4. The method of claim 1 wherein the value further represents a first digital signature associated with the user and forming the value includes applying the one-way function to a combination of the clinical data and the first digital signature.

5. The method of claim 1 wherein the value further represents a second digital signature associated with computer code used to form the value and forming the value include applying the one-way function to a combination of the clinical data, the first digital signature, and the second digital signature.

6. The method of claim 5 further comprising receiving the computer code used to form the value from a trusted third party

7. The method of claim 1 wherein the one-way function is a cryptographic hash.

8. The method of claim 1 wherein the data store is under the control of a sponsor of the clinical trial.

9. The method of claim 1 wherein storing the value in the blockchain based distributed ledger includes forming a transaction for transferring a quantity of currency to an address corresponding to the value.

10. The method of claim 1 wherein the blockchain based distributed ledger includes the Bitcoin blockchain based distributed ledger.

11. A method for verifying a clinical data record associated with a clinical trial and stored in a data store, the method comprising:

receiving the clinical data record from the data store;

forming a first value representing the received clinical data record including applying a one-way function to the received clinical data record;

receiving a transaction record associated with the clinical data record from a blockchain based distributed ledger, the transaction including a second value; and

comparing a second value included in the transaction record to the first value to determine whether the first value and the second value match.

12. The method of claim 11 further comprising receiving a first digital signature associated with a clinical user from the data store, wherein the first value further represents the first digital signature and forming the first value includes applying the one-way function to the first digital signature.

13. The method of claim 11 further comprising receiving a second digital signature associated with computer code used to form the second value, wherein the first value further represents the second digital signature and forming the first value includes applying the one-way function to the second digital signature.

14. The method of claim 11 wherein the one-way function includes a series of one or more a cryptographic hash functions.

15. The method of claim 11 wherein the data store is under the control of a sponsor of the clinical trial.

16. The method of claim 11 wherein the blockchain based distributed ledger includes the Bitcoin blockchain based distributed ledger.
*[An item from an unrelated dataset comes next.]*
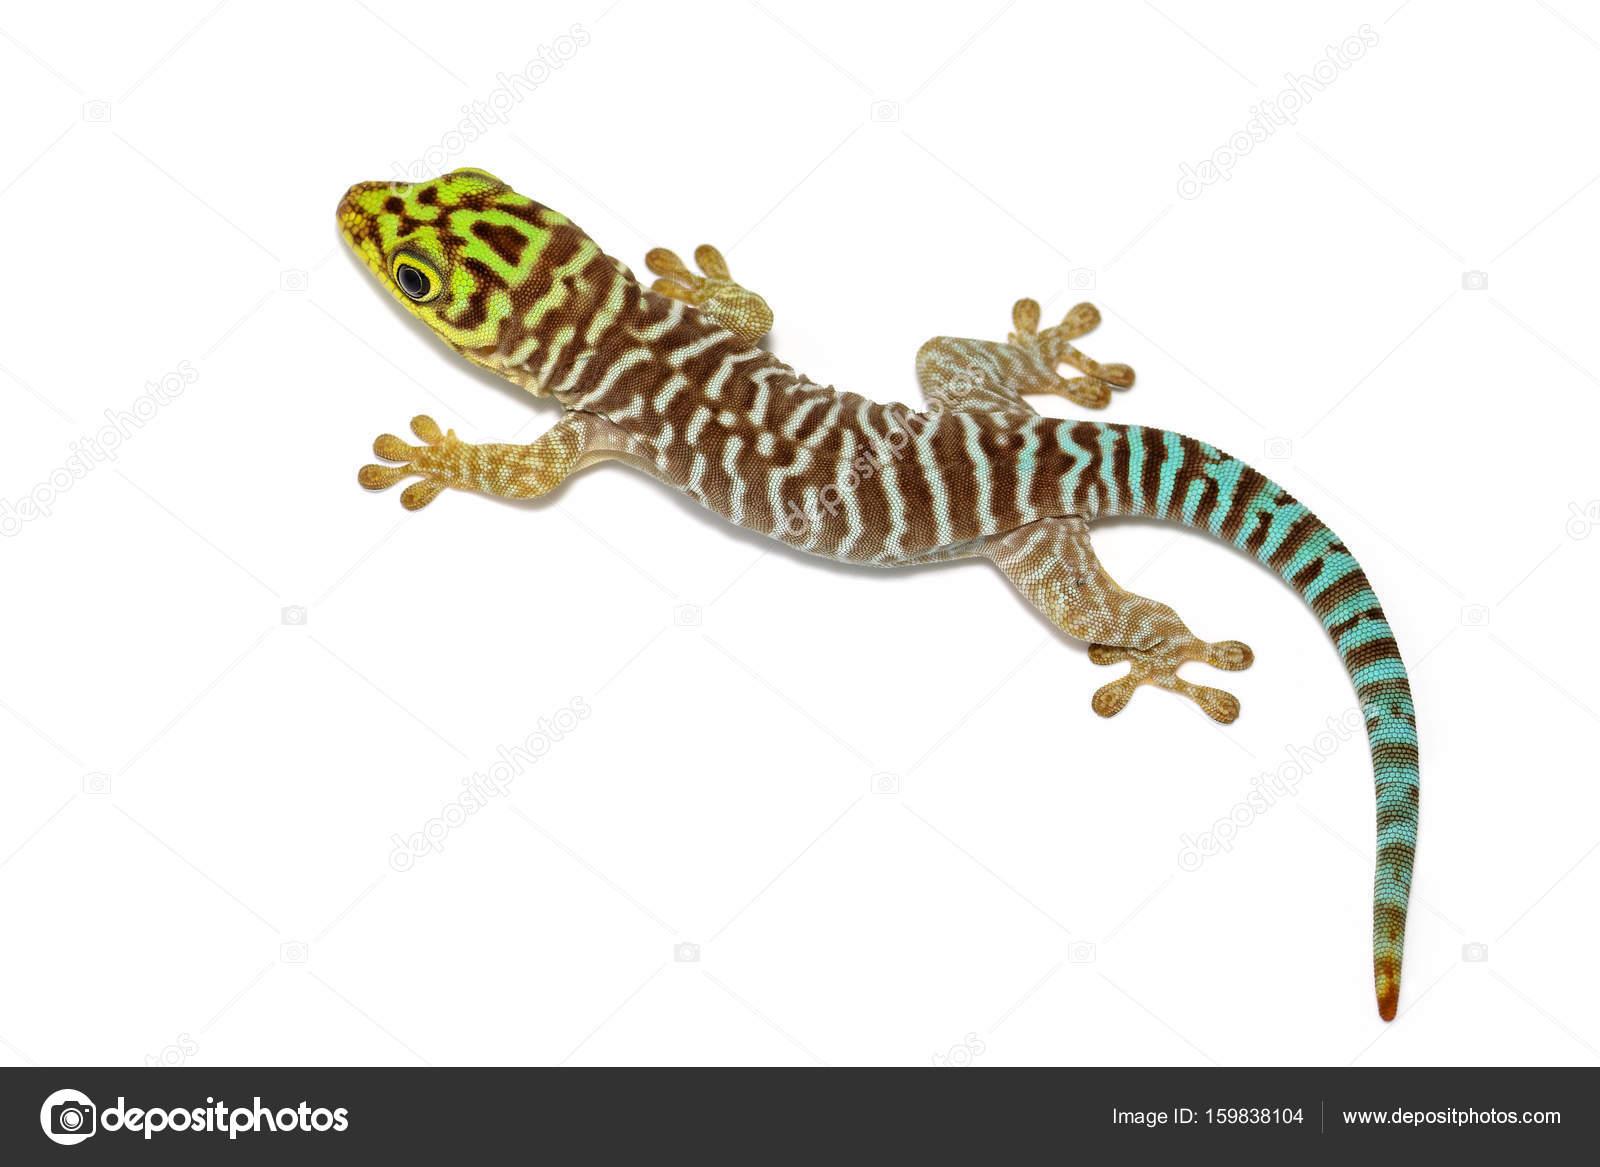 phelsuma standingi gekko stock photo valt ahyppo 159838104

17. A computing system for securely storing clinical data associated with a clinical trial in a data store, the computing system comprising:

a data store for storing clinical data;

an input port configured to receive the clinical data from a user;

at least one processor configured to form a value representing the clinical data including applying a one-way function to the clinical data; store the value in a blockchain based distributed ledger; and store the clinical data in the data store.
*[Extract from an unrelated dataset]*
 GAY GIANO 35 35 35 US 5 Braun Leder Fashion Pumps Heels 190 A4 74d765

18. Software for securely storing clinical data associated with a clinical trial in a data store, the software stored in a non-transitory form on a computer-readable medium and including instructions for causing a computing system to:

receive the clinical data from a user;

form a value representing the clinical data including applying a one-way function to the clinical data;

store the value in a blockchain based distributed ledger; and

store the clinical data in the data store.